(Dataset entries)
==*==
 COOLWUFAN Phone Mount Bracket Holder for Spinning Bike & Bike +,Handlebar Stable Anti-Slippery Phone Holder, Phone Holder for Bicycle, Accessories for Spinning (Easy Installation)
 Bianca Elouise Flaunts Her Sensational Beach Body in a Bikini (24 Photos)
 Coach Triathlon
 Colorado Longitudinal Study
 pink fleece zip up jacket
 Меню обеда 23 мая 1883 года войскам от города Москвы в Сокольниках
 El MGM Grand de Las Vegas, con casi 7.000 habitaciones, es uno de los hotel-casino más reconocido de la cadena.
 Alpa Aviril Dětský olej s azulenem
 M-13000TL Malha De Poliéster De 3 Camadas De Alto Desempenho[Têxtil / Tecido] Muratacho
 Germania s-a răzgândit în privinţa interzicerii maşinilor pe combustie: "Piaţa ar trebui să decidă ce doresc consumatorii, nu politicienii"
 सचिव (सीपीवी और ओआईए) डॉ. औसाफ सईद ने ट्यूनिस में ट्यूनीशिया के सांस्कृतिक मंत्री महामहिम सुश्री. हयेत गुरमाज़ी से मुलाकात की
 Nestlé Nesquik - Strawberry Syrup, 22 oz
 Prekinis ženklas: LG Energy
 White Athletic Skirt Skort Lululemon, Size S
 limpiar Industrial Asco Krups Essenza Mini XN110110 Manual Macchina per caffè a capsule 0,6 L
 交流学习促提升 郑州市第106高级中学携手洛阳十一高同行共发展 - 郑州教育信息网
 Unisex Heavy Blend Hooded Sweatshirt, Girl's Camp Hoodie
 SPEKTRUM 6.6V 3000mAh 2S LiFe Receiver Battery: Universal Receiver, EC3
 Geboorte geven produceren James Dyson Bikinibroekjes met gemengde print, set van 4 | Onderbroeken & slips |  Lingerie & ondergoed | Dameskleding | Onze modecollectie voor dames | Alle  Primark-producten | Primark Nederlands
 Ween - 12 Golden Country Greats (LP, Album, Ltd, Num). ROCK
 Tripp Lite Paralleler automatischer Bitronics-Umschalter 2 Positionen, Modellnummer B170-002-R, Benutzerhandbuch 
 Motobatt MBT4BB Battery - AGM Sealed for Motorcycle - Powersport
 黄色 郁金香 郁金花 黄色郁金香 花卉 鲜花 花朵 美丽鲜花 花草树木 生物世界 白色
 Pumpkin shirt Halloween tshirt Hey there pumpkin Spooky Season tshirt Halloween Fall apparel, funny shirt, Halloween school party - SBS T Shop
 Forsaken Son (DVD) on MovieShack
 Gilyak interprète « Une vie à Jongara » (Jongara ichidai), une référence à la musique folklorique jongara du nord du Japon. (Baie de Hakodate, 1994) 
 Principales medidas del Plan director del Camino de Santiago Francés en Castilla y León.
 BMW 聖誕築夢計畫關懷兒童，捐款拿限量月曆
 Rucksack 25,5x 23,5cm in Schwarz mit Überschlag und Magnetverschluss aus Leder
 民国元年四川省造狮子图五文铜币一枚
==*==
# Exercise directions
Exactly as written, please reproduce the lines from the first line of the data to the line containing "Меню обеда 23", inclusive, and nothing else.

# Response to this task
 COOLWUFAN Phone Mount Bracket Holder for Spinning Bike & Bike +,Handlebar Stable Anti-Slippery Phone Holder, Phone Holder for Bicycle, Accessories for Spinning (Easy Installation)
 Bianca Elouise Flaunts Her Sensational Beach Body in a Bikini (24 Photos)
 Coach Triathlon
 Colorado Longitudinal Study
 pink fleece zip up jacket
 Меню обеда 23 мая 1883 года войскам от города Москвы в Сокольниках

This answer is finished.